5. **Single-shot vs multi-shot**: The benchmarks use single-shot finetuning. Multi-shot (50+ epochs) shows tighter convergence but may overfit.

## Applications

- **Neuromorphic deployment**: Convert existing direct-coded SNN research models for Loihi, Speck, TrueNorth hardware
- **Edge inference**: Deploy high-accuracy SNNs on energy-constrained devices with TTFS/Event-based coding
- **SNN research reuse**: Reuse pretrained SNN databases trained with direct coding for event-based applications
- **ANN-SNN pipeline complement**: Unlike ANN-to-SNN conversion, D2E addresses intra-SNN encoding shift when upstream training already committed to direct coding

## Related Approaches

- **Information Bottleneck (IB) methods**: SNIB, HOSIB, SIBoLS — complementary intra-domain regularizers that could be combined with SKD
- **ANN-to-SNN conversion**: Different problem (ANN→SNN vs. direct-SNN→event-SNN); calibration techniques don't directly apply to TTFS
- **Knowledge distillation variants**: Reverse KL offers +0.87pp but loses theoretical bound guarantee; symmetric KL may be future improvement direction

## Key References

- Luu et al. (2026).
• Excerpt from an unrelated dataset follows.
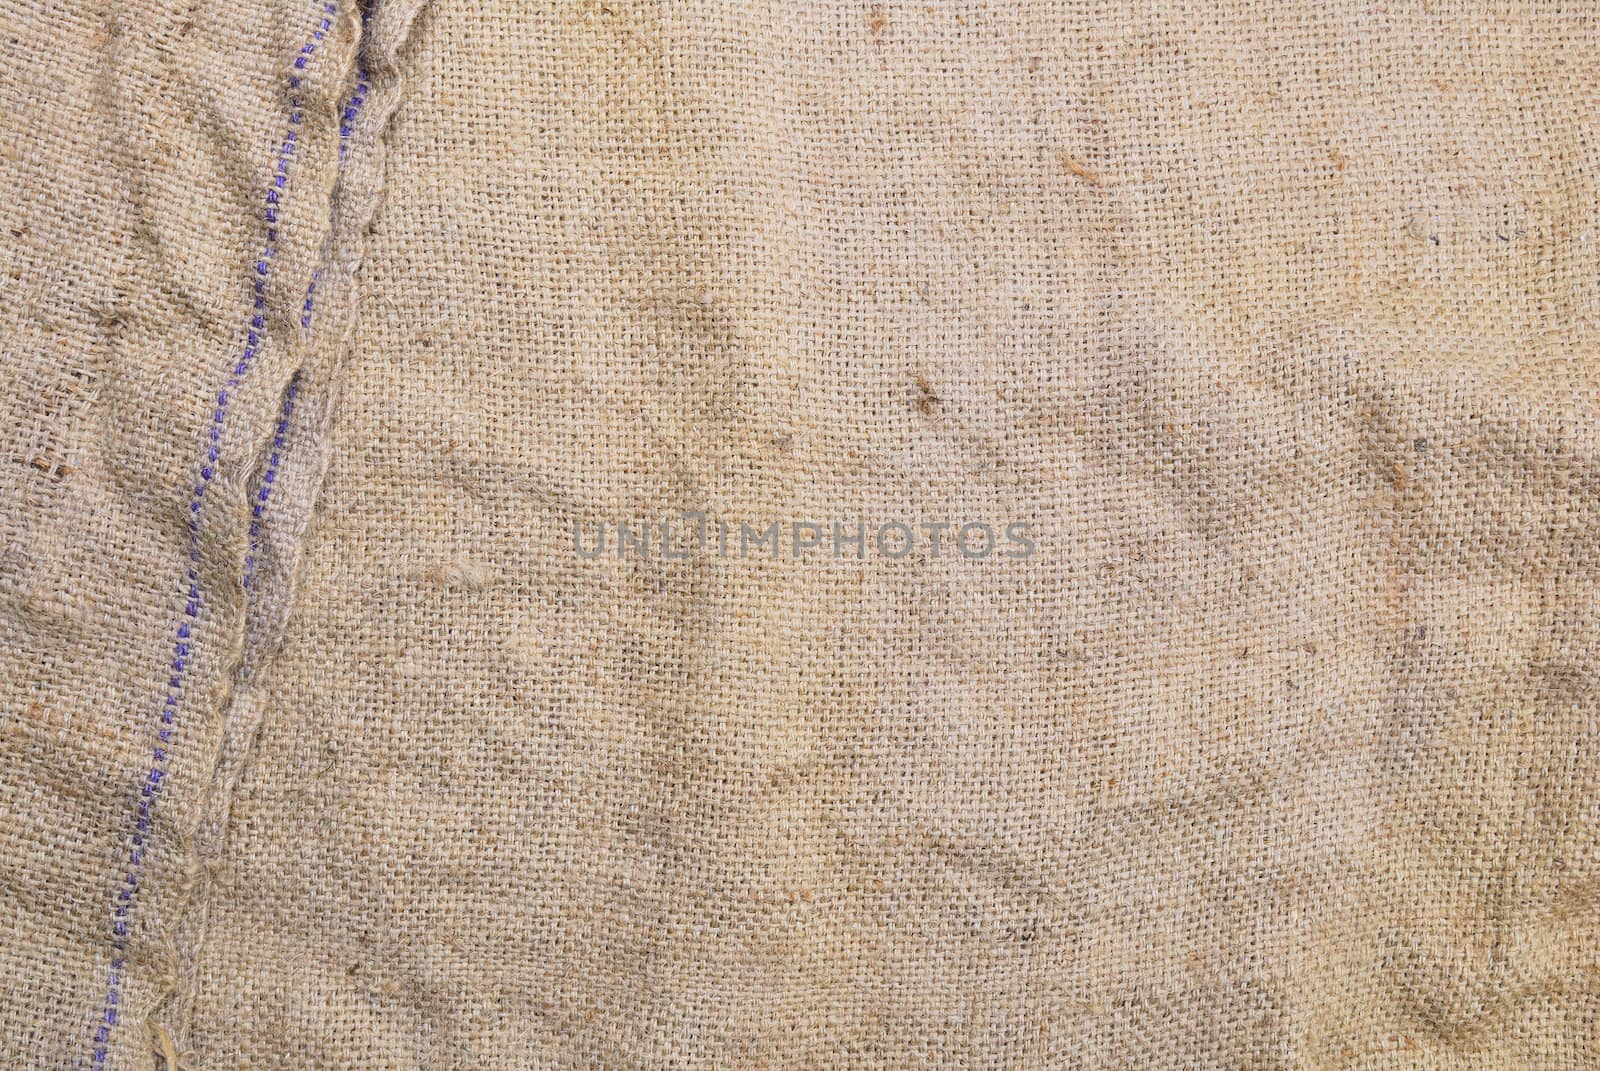 Gunny sack texture background by teen00000

Direct-to-Event Spiking Neural Network Transfer. IEEE Signal Processing Letters.
- Kim et al. (2022). Rate coding or direct coding: which one is better? ICASSP.
- Fang et al. (2021). Deep residual learning in SNNs. NeurIPS.
- Hinton et al. (2015). Distilling the knowledge in a neural network.